Instructions to follow: Return the data exactly, without pictures.

Stored data:
◆ ◆ ◆ ◆ ◆ ◆ ◆
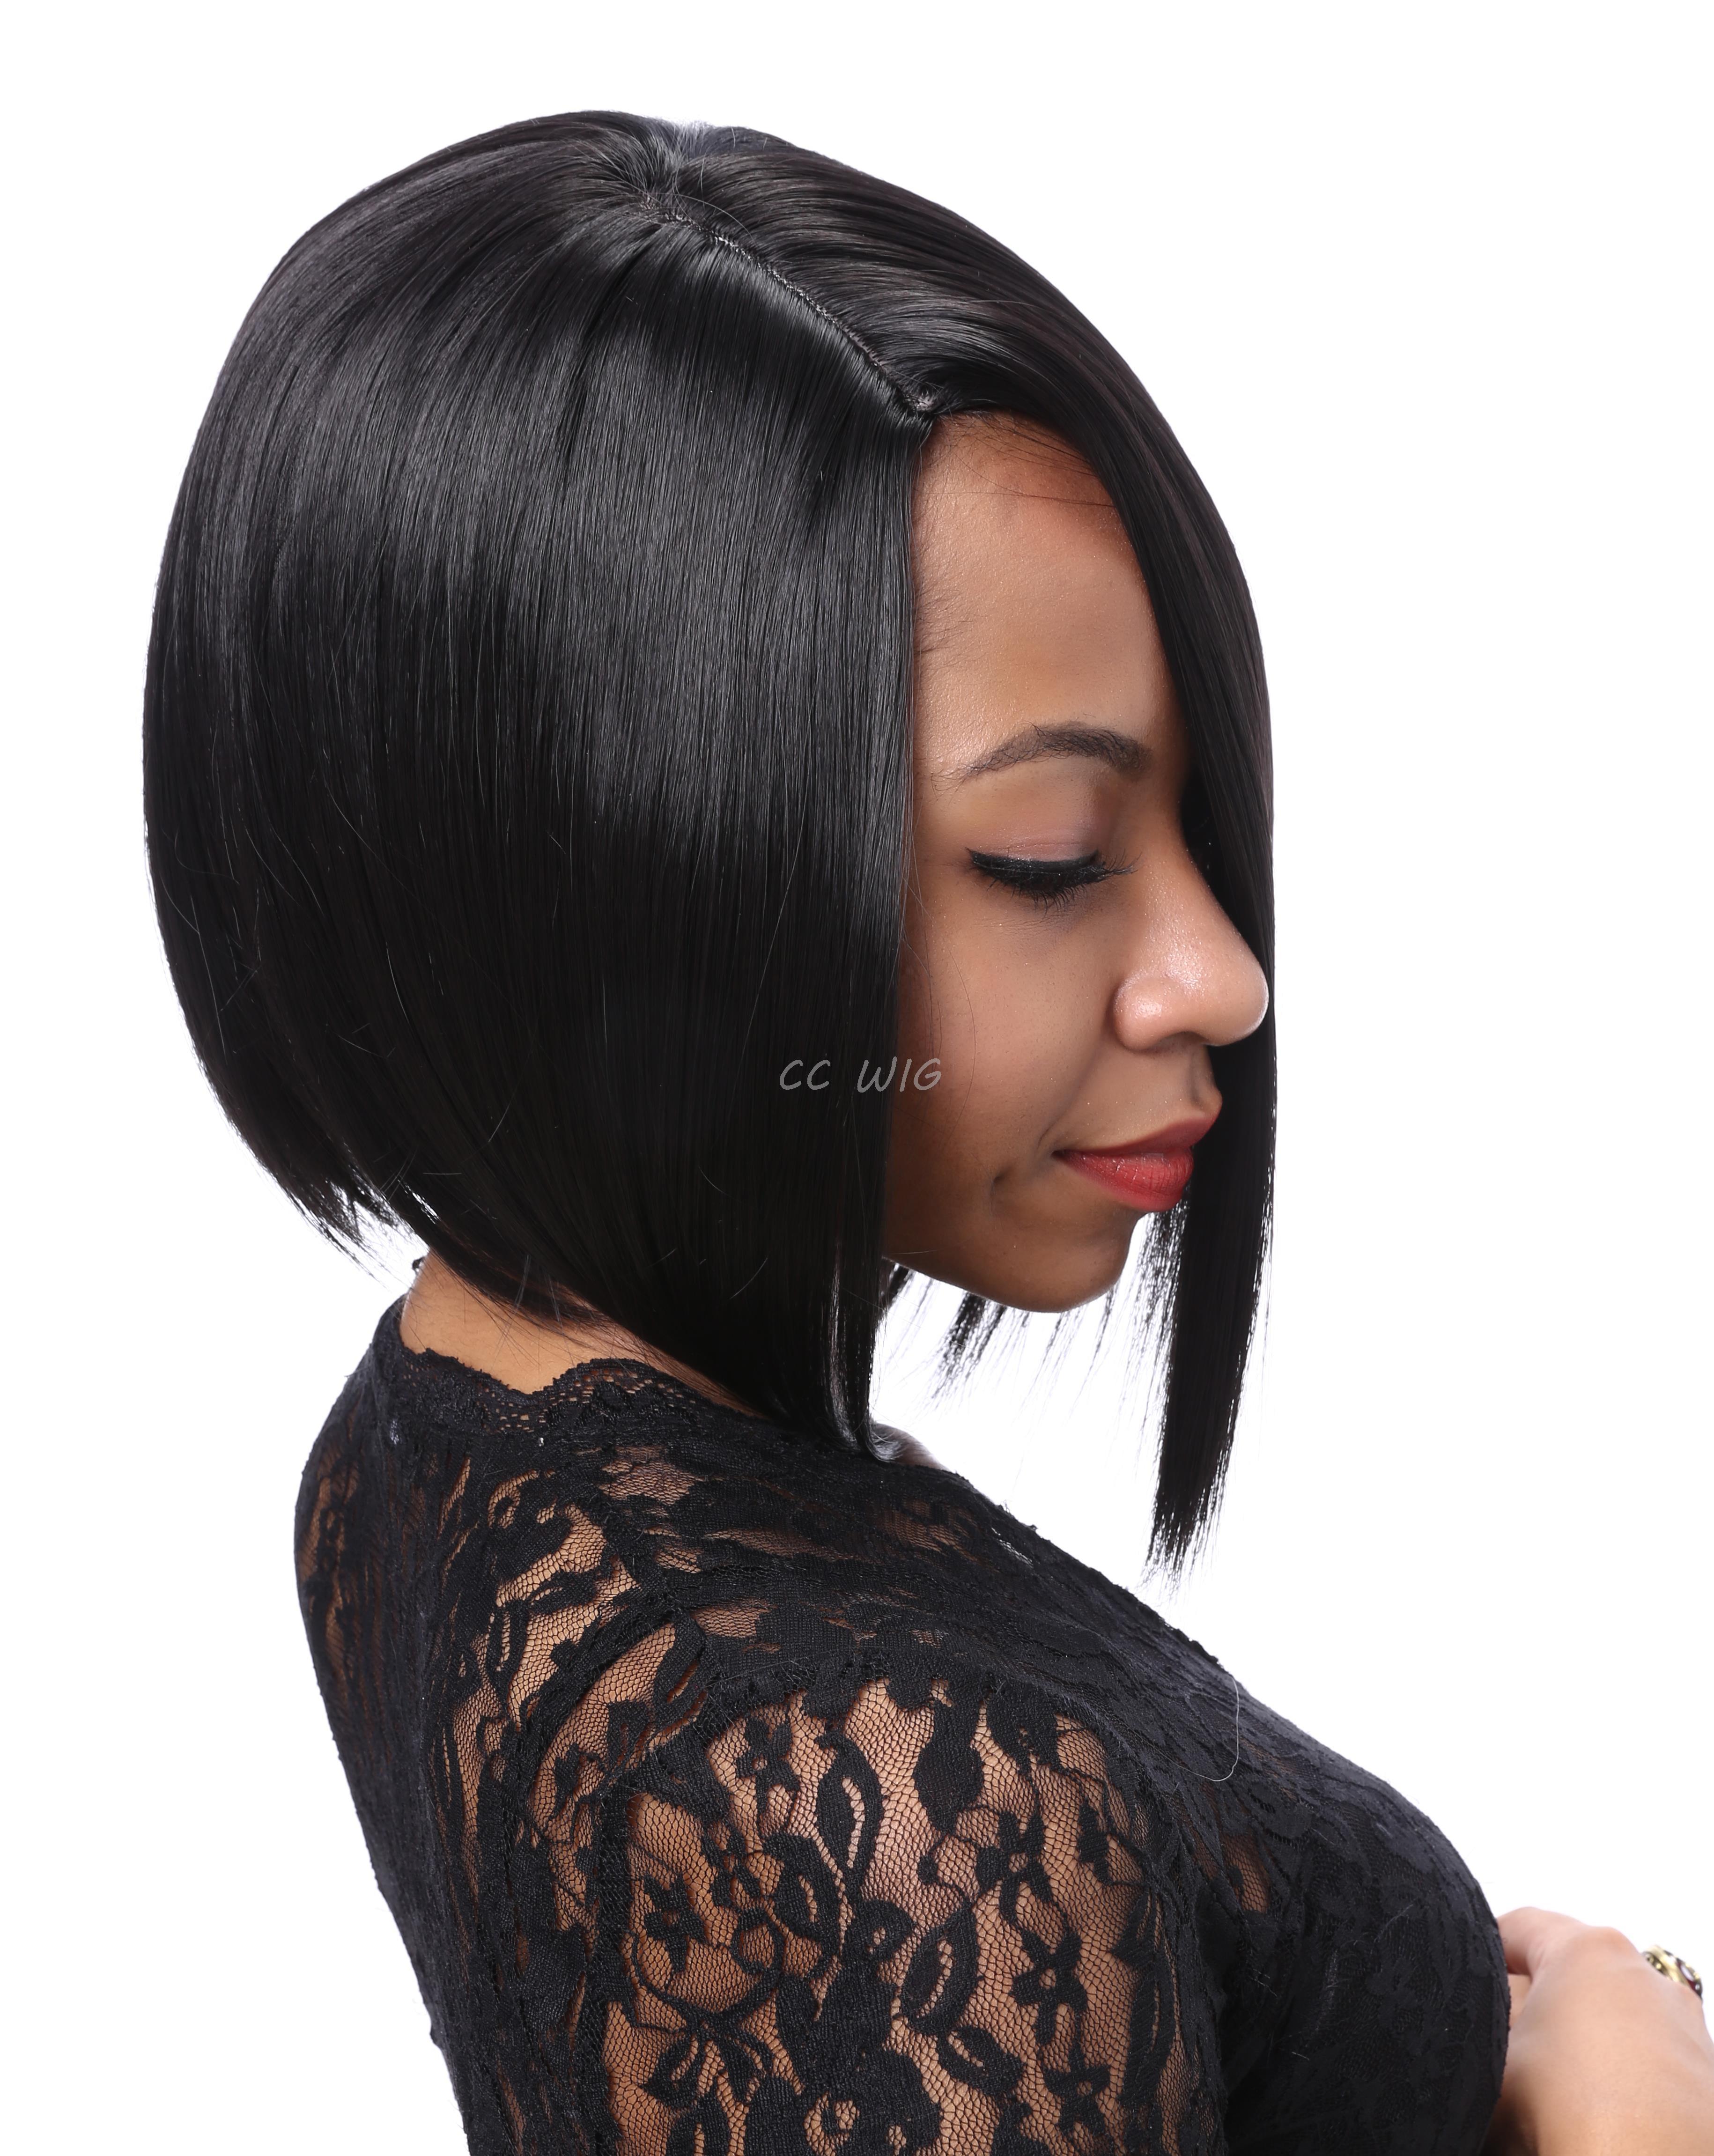 Short Black Bob Hairstyles Wig High Quality Wigs For Black Women
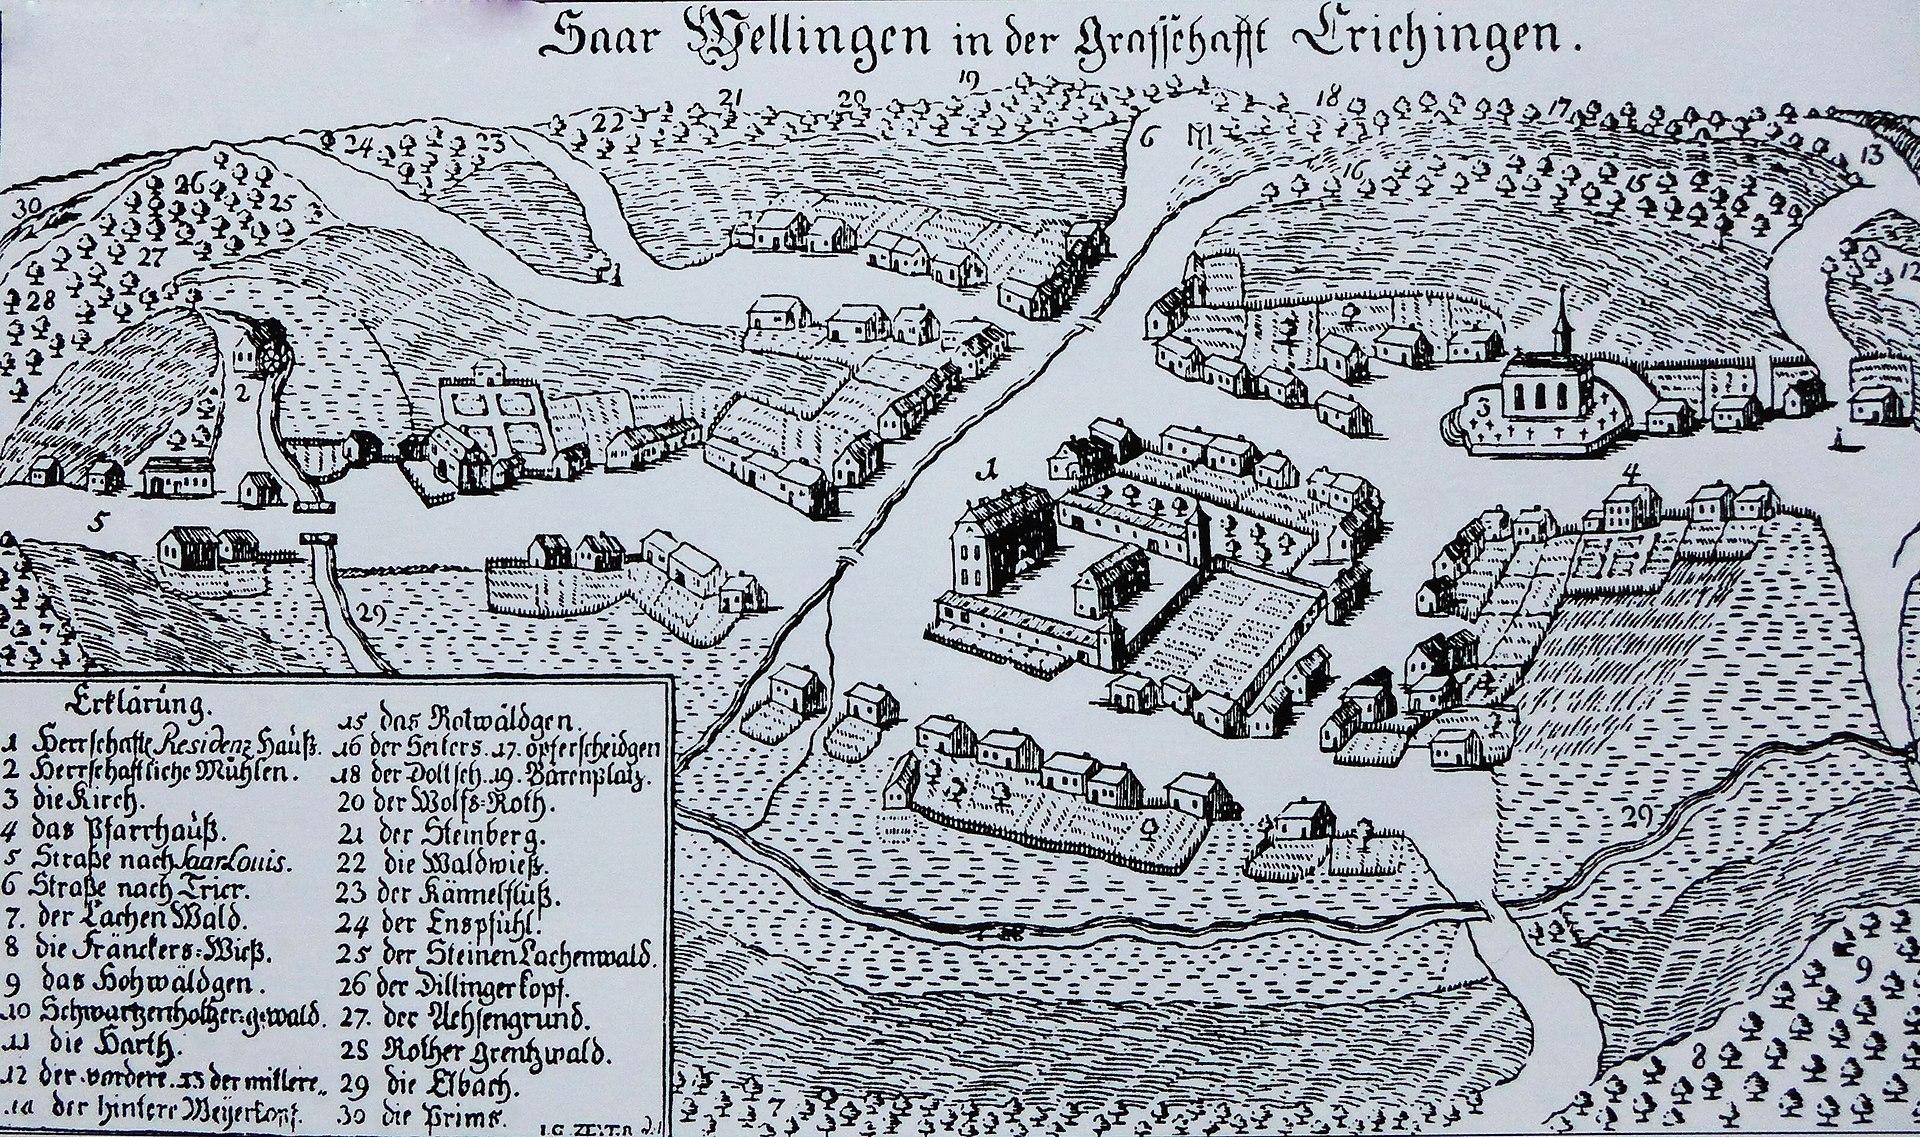 Saarwellingen1777L1150248 (5).jpg
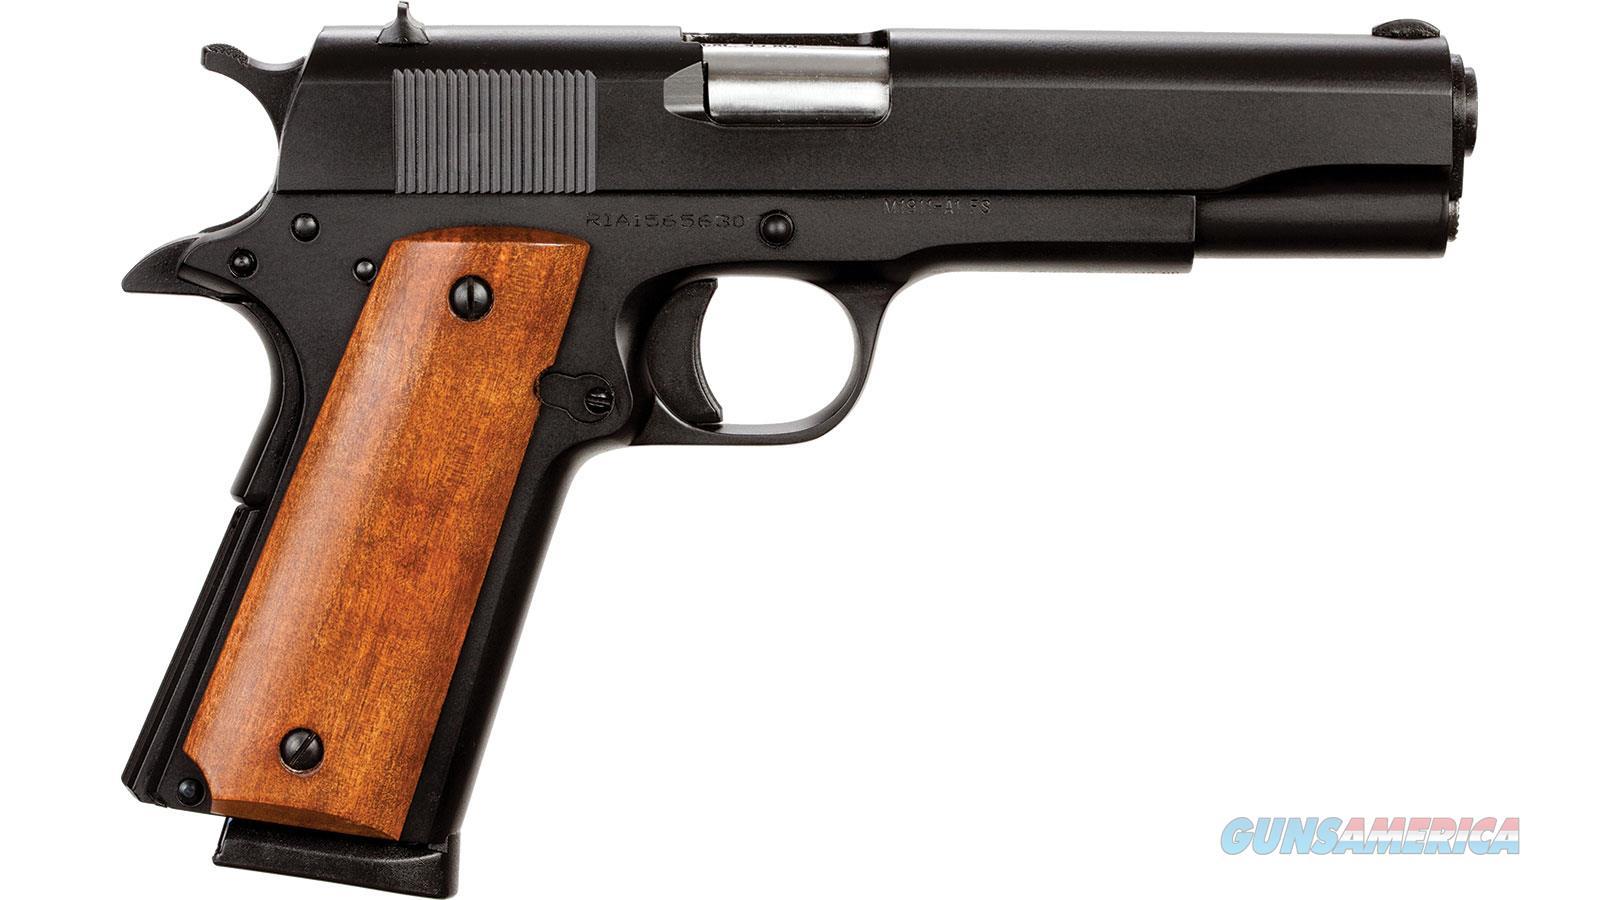 Gi Standard Fs Duracoat .45Acp 51420  Guns > Pistols > A Misc Pistols
◆ ◆ ◆ ◆ ◆ ◆ ◆
Completed exercise:
 Short Black Bob Hairstyles Wig High Quality Wigs For Black Women
 Saarwellingen1777L1150248 (5).jpg
 Gi Standard Fs Duracoat .45Acp 51420  Guns > Pistols > A Misc Pistols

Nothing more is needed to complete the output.